Through the use of the poetic technique of repetition, Dawe establishes that the unborn foetus has the right to see these basic components of nature that we usually take for granted. The repetition of “never” and “Nor” in the first two stanzas describes the fact that the foetus has missed out on numerous aspects of life due to being aborted. In these stanzas the use of repetition expresses the endless list of things that the foetus has lost as a result of never having encountered life. This manipulates the reader into believing that abortion is unethical as you are not providing someone with the opportunity to experience life.

Further underpinning the poem’s universal appeal is word choice where Dawe foregrounds the theme of having the right to life. The lines “Oh you within whose god-like power” “It lies to so decide,” establishes the fact that the mother of this foetus has no right to take away his/her life as she possesses little power in comparison to that of god’s. The word choice in the last stanza of the poem is also effective as it leaves the reader with a sense of guilt. The lines “Remember me the next time you”, “Rejoice at sun or star –“and “I would have loved to see them, too.” reveal that the foetus is only human and would have also enjoyed the things that other people take pleasure in. The final line of the poem also leaves anyone who has even undergone abortion feeling guilty. “I never got that far.” reinstates the act of depravity that has been committed further endorsing the concept of senseless life loss, a universal theme.

Dawe uses vivid imagery to emphasise the fact that abortion is profligate and unjust. The penetrating imagery of a womb that could become a tomb if abortion is carried out in “The Wholly Innocent” will unnerve any reader contemplating terminating a pregnancy. The lines in stanza five “For I was part of that doomed race” and “Whose death–cell was the womb,” reveal the fact that the unborn foetus is ashamed to feel a part of its race which evokes untold pity for his/her defenceless life that is trapped. The foetus also highlights that all he/she wants is to experience the simple things in life like to “rejoice at sun or star.” Most readers would agree that this is a universal right for all individuals to see these basic components of nature. In the line, “I never knew the sovereign touch of care.” this suggests that he/she never experiences parental love which in turn evokes untold feelings of pity and sympathy in the reader. A simile is also used in stanza three that he/she will die “anonymous as mud” if nobody protects him. The foetus also compares itself to a defenceless lamb with certainly evokes feeling of sympathy in the reader.

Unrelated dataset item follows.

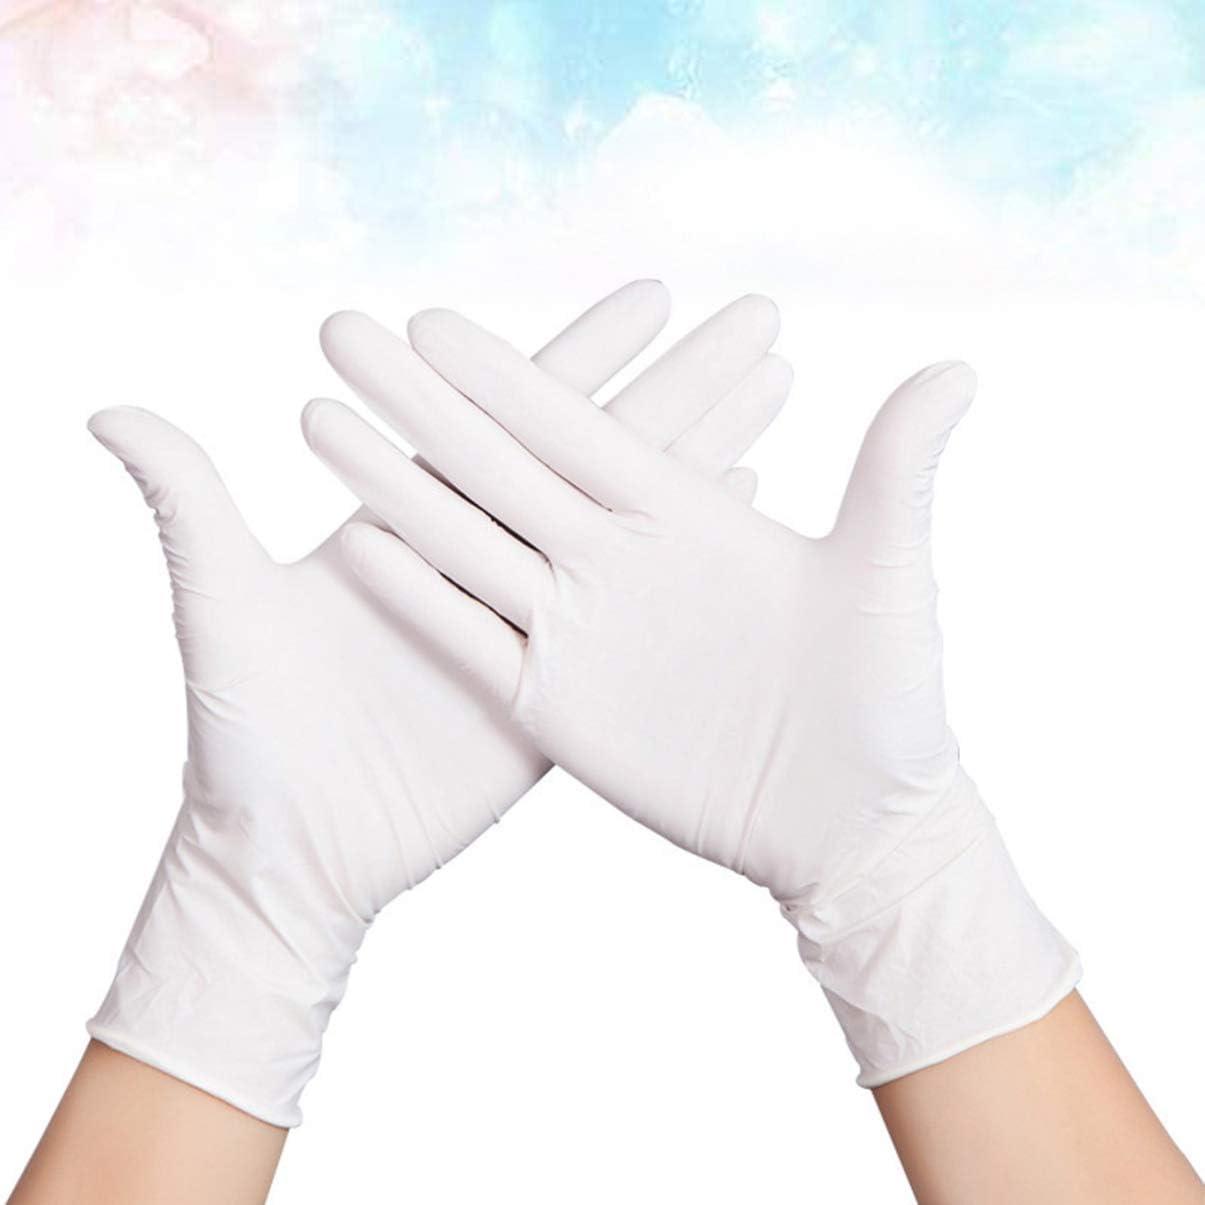 Delgada Blanca Yarnow 100 Piezas Guantes de Nitrilo Desechables Guantes de Examen de Caucho Natural Guantes Multiusos para Trabajar Limpieza Lavado Cocinando Talla L

.Overall, Bruce Dawes “The Wholly Innocent”, which is an extremely powerful poem, successfully establishes the fact that the mother of this foetus has no right to take away his/her life. This poem also establishes that there is absolutely no justice in killing a life and that the mother has no entitlement in doing so, as she possesses little power. With the aid of the poetic techniques of repetition, word choice, and imagery he arouses sympathy, carefully manipulating the audience to reflect upon his own views towards abortion. In this way, Dawe has created a poem that is not only uniquely Australian but presents issues of global concern which generates universal appeal.